The demand for high definition audio and video services is rapidly increasing. Two representative examples for this are audio-visual conferencing or video storage and delivery. In this context, efficient techniques are required for enhancement and compression of multi channel audio signals with compatibility to, e.g., mono or stereo systems.
In this thesis, novel signal processing algorithms for both enhancement and compression of multi channel signals are developed and theoretical performance bounds are derived. Additionally, a novel instrumental quality measure for the evaluation of multi channel signal processing algorithms is proposed.
Enhancement schemes for both the recording and the reproduction side are introduced. This includes the optimization of a near field filter-and-sum beamformer to achieve a target directivity characteristic at the recording side. For the reproduction side, an efficient postfilter is presented which increases the speech intelligibility by taking the positive influence of early room reflections into account.

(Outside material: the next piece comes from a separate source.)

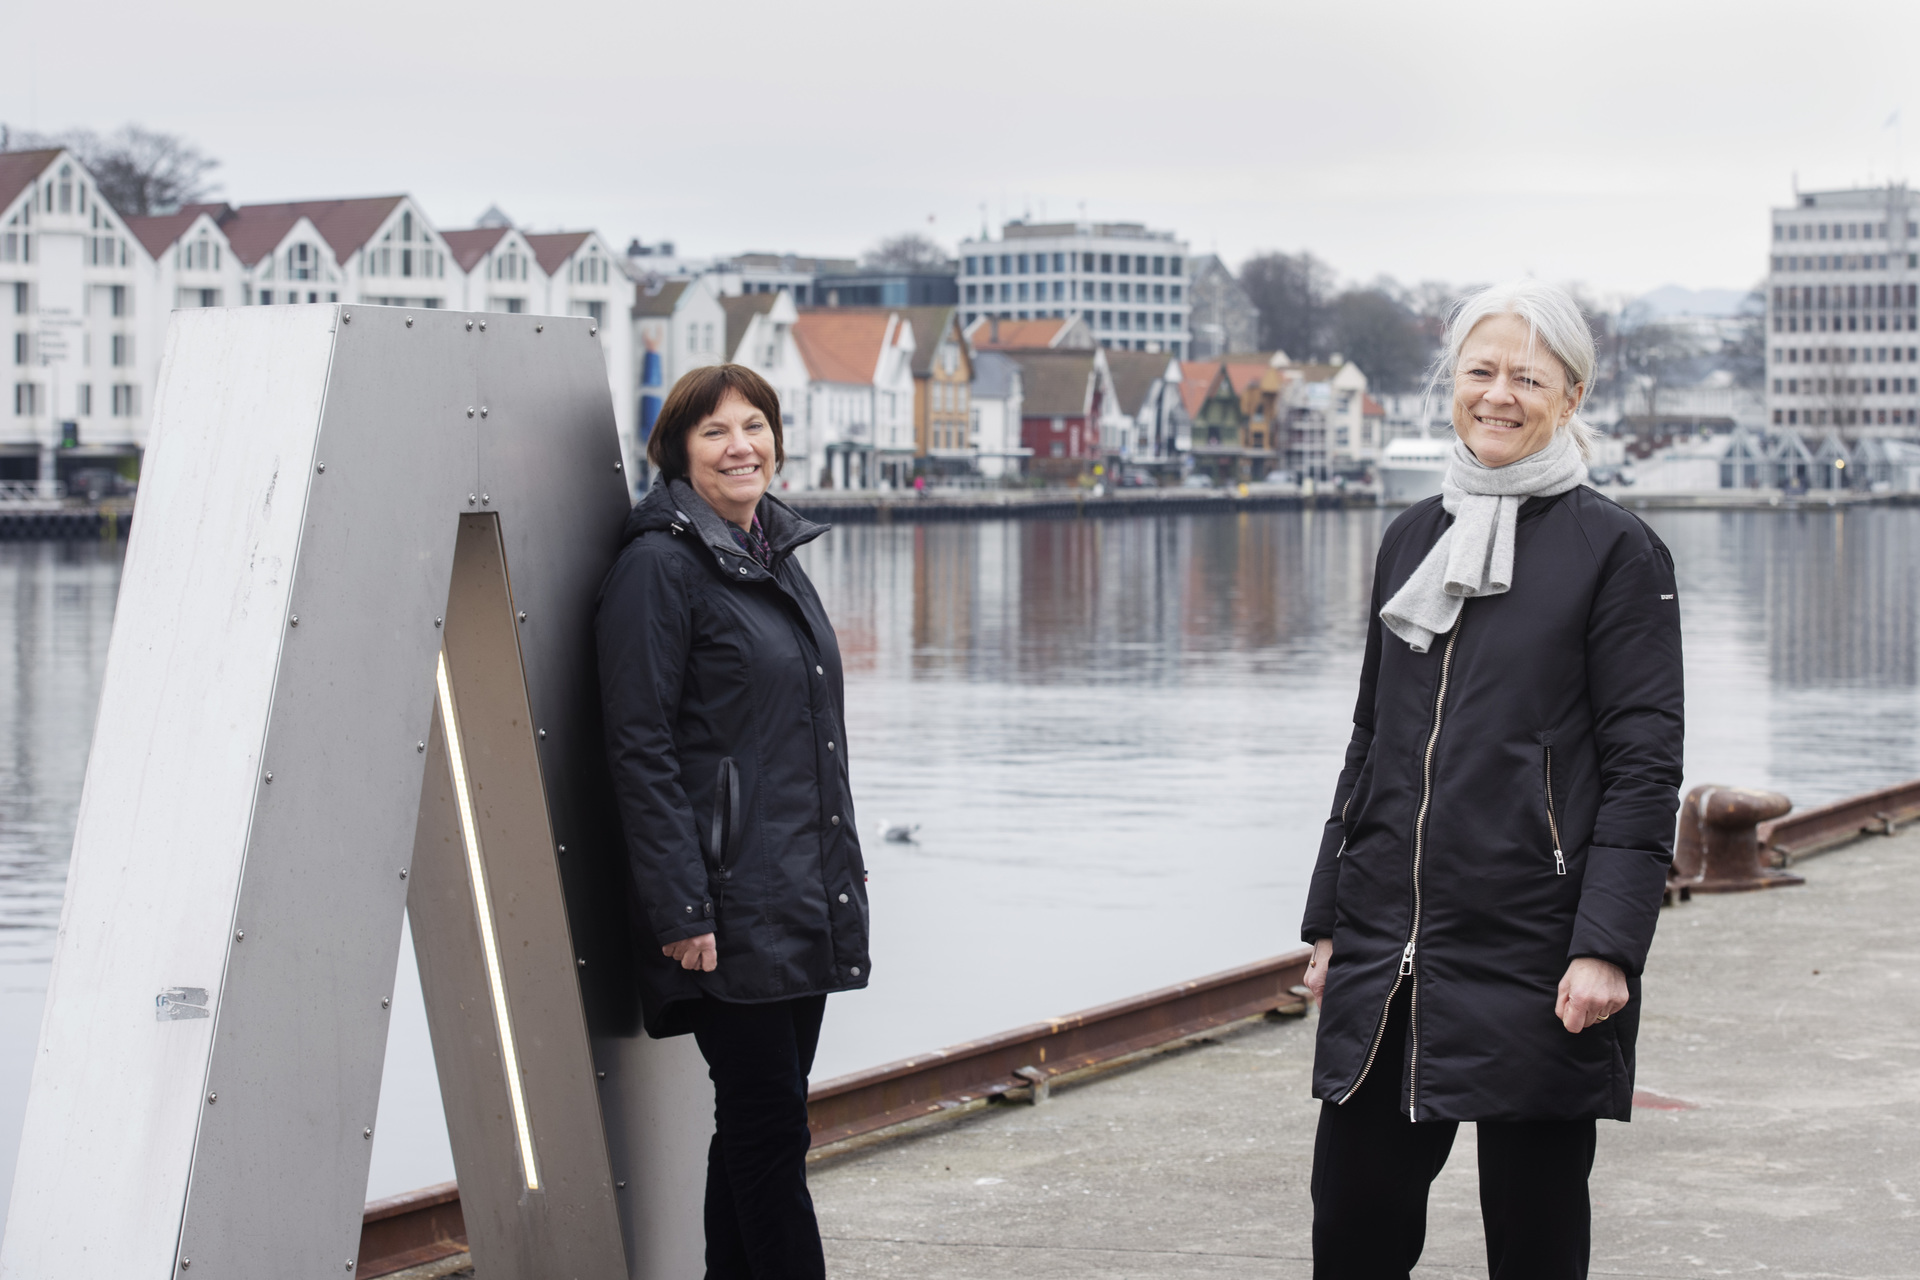 Konserndirektør Grethe Høiland i Lyse og havnedirektør Merete Eik. Foto: Marie von Krogh / Lyse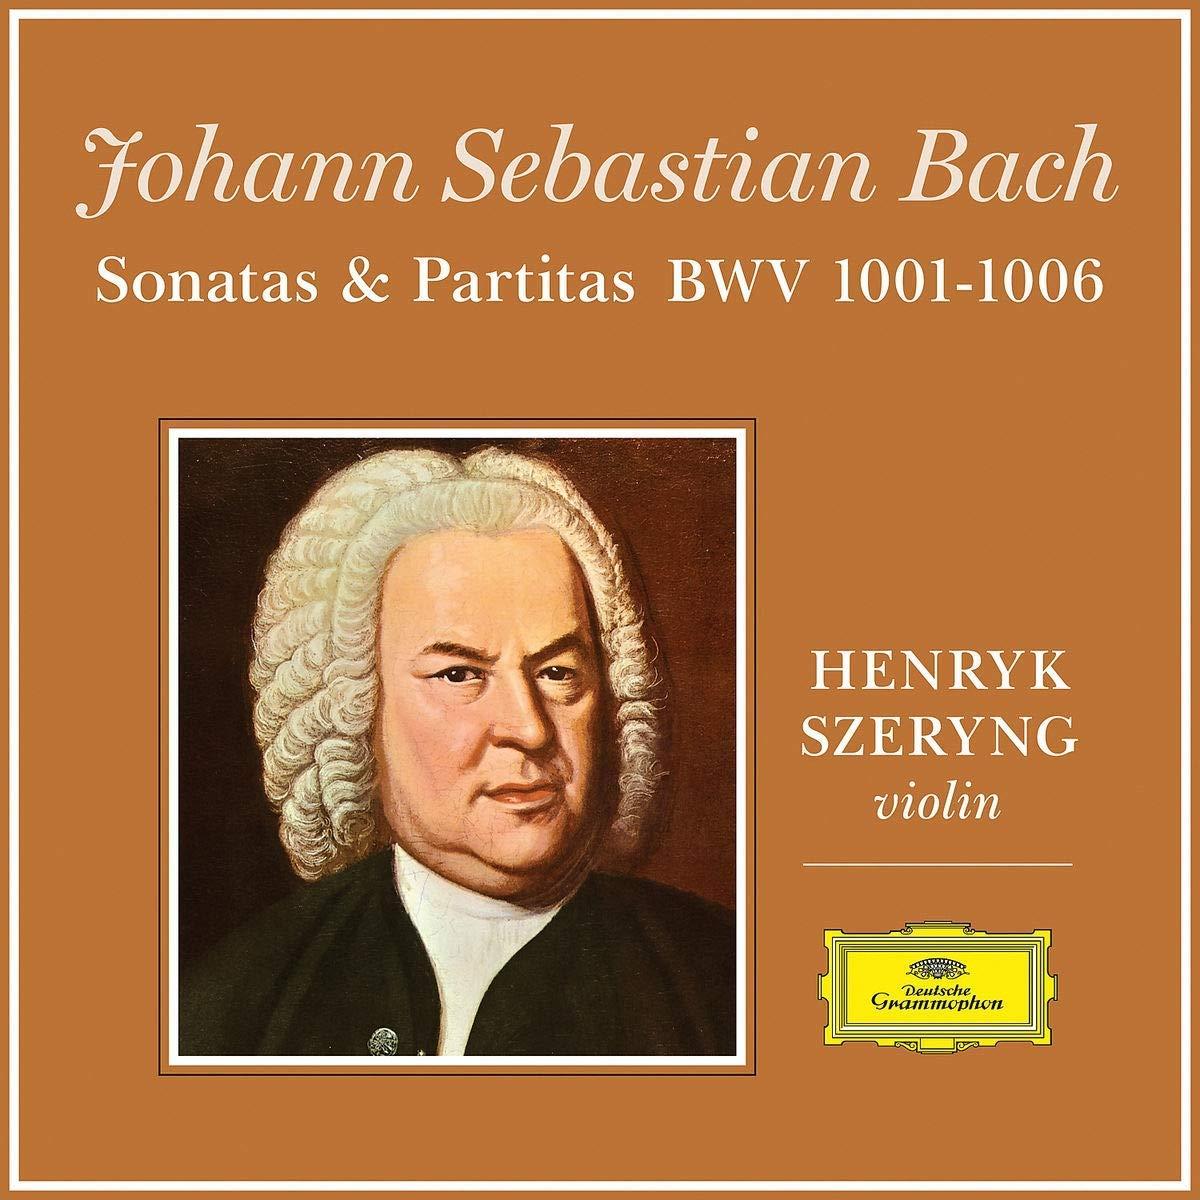 Генри Шеринг Henryk Szeryng. Bach. 6 Sonatas And Partitas For Violin Solo (LP) лара лев lara lev bach sonatas and partitas for solo violin vol 1

The main part of this thesis covers multi channel predictive compression of audio signals. A predictive multi channel coding system is presented and analyzed. Performance bounds are derived and two methods for an adaptive bit rate distribution between inter channel and intra channel prediction are devised. Novel multi channel noise shaping concepts are introduced. The performance of the compression system is quantified by instrumental measures.
A novel instrumental measure is introduced for the evaluation of multi channel signal enhancement and compression. It combines the proven single channel quality measure PEAQ with a binaural auditory model and a mathematical model of cognitive behavior, providing a reliable evaluation of quality perception and spatial fidelity. The inclusion of spatial information into the instrumental quality measurement leads to a consistently high correlation between the instrumental measure and a listening test.